In practice, and for a variety of reasons, it's not that simple. In MC mode, you can achieve similar results by moving away from the setting that provides the best impedance match. In the end, especially with a phono preamp that permits such convenient on-the-fly adjustments, listening is the best way to fine-tune resistive loading or match impedances.
So I played and equalized away, finding the setup that sounded best to me. No matter what I did, the Steelhead never sounded lush, romantic, or warm—unless the recording did. I played a German pressing of Stevie Wonder's "You Are the Sunshine of My Life" four times, running the Helikon SL into the MM and MC inputs using the variable output, and then again into both inputs but through the fixed output into the Hovland HP-100. Each rendition sounded different. In the end, I preferred the MM input with the Steelhead driving the Hovland, even though the direct connection sounded "faster" and more pure.
Finally, I played the Wonder track through the Hovland's built-in phono section. Though the Hovland is very, very good, it couldn't compete with the Steelhead, especially in bass dynamics, transient speed, and overall clarity. But on "You Are the Sunshine of My Life," the Hovland's slightly warmer, slower, softer presentation was the more pleasing!

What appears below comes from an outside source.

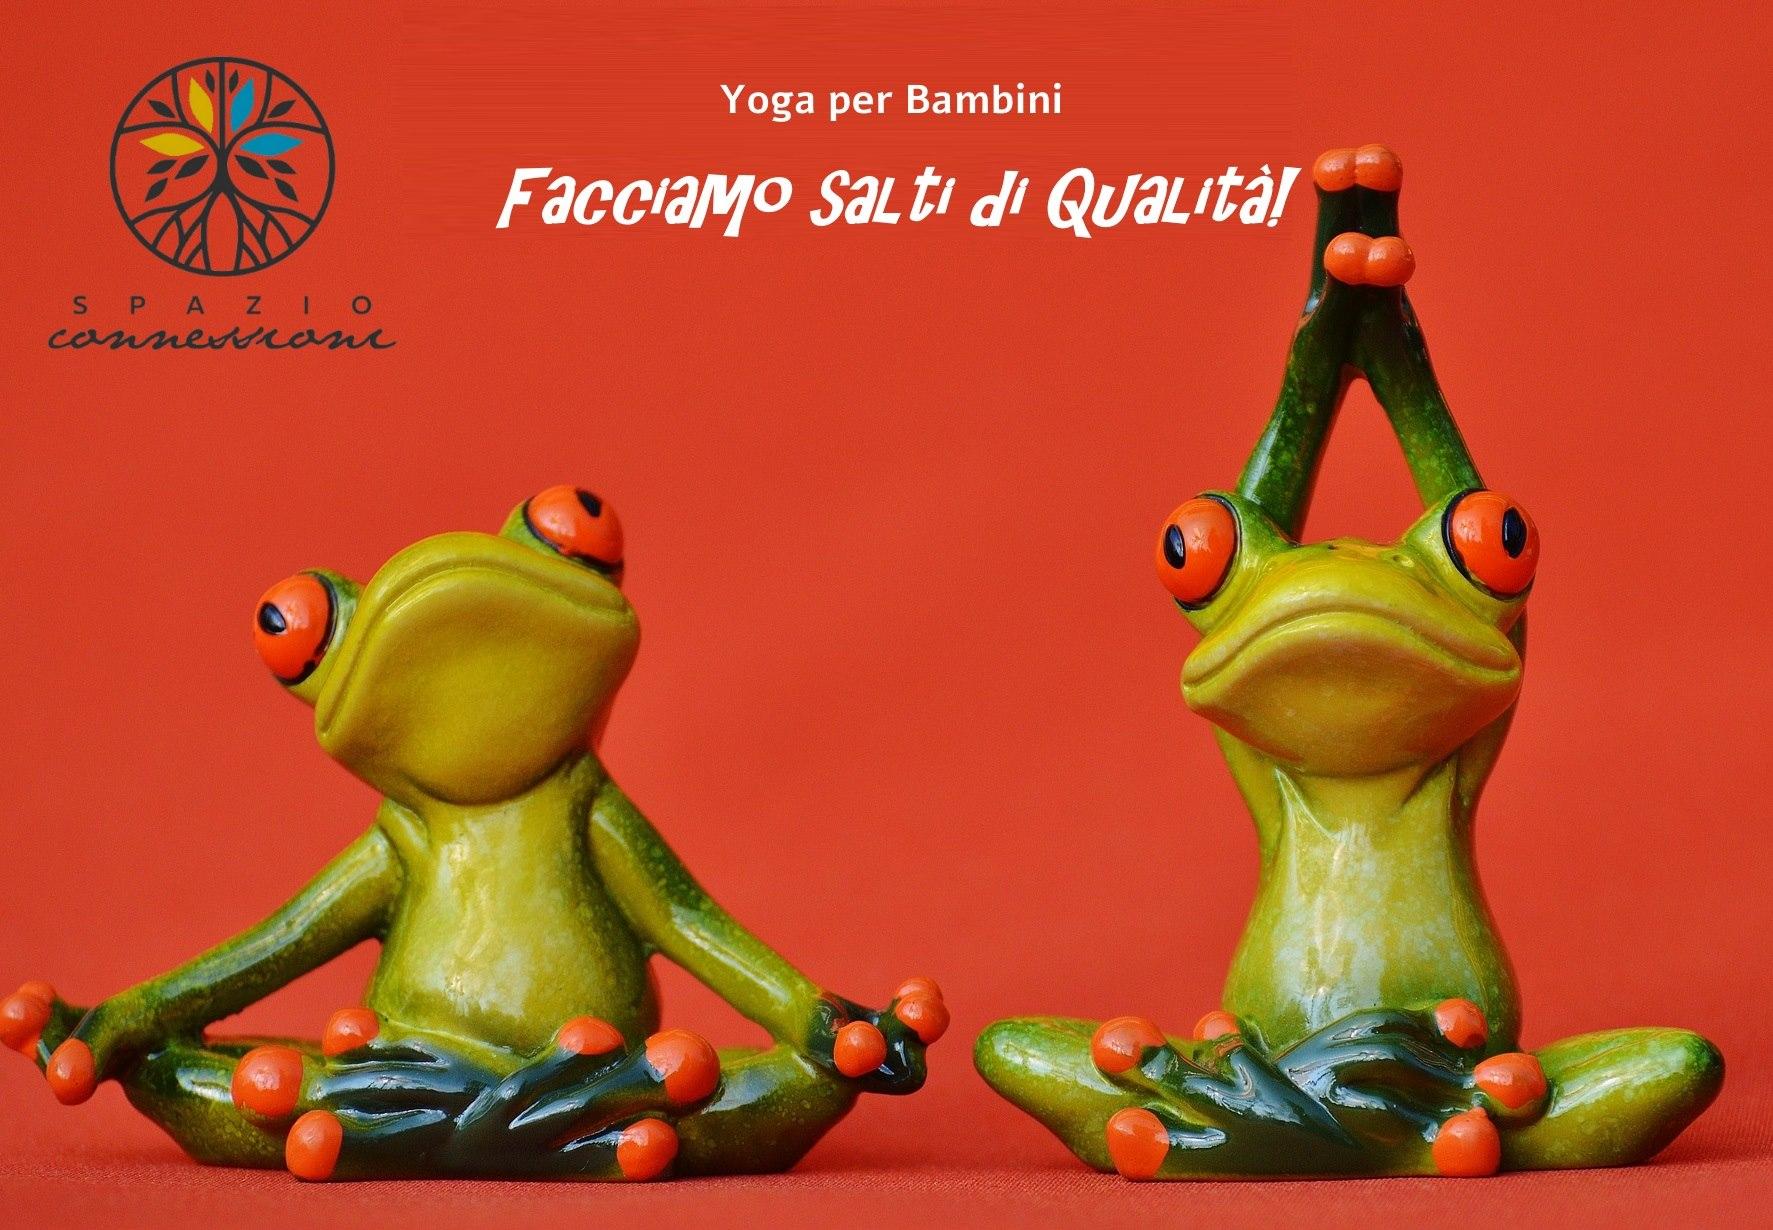 Sabato 26 Gennaio – Inizio Percorso Yoga Bambini – Spazio Connessioni

But with the best recordings—the ones I use as references—and driving the power amp directly, the Steelhead had unsurpassed resolution of ultra-low-level detail, sometimes dug out surprising new musical information from very familiar recordings, and gave the finest macrodynamic bass performance I've heard from vinyl, with high-frequency transients that were crisp yet delicate—as you might hear them live.
Overall, the Steelhead delivered the best vinyl playback I've heard from my system. It combined speed, frequency extension, resolution, harmonic structure, focus, air, stage depth, image specificity, and, most important, overall musical coherence in a way that made the music seem to fly from the speakers unrestrained by mechanical or electrical bounds.
Will the Steelhead be perfect for everyone? Nothing is, and I'd bet some listeners will find it lacking in midrange bloom and overall plushness. A solid-state system might require a pure-vacuum-tube phono section, such as Audio Research's Reference, to balance out the Steelhead's honest high-frequency extension and blazing speed. And, of course, bad recordings—of which there are more than we like to acknowledge—have no place to hide when confronted with so ruthlessly revealing a phono section. Then again, I've got a set of lush-sounding Amperex Bugle Boy ECC88s that might take this assault on the state of the analog art to exalted levels.
Unfortunately, the Steelhead was designed as a price-no-object component. When the financial dust had settled, Eveanna Manley found that admission was a steep $7300. But remember: If you're a turntable-only audiophile, you don't need another preamplifier, and you can use the fixed outputs as a "Record Out." Multi-sourcers will have to do what I did during the review period: I have two sets of interconnects running to the amplifier, one from the Steelhead, the other from the preamp. Will this become my permanent setup? I'm considering it.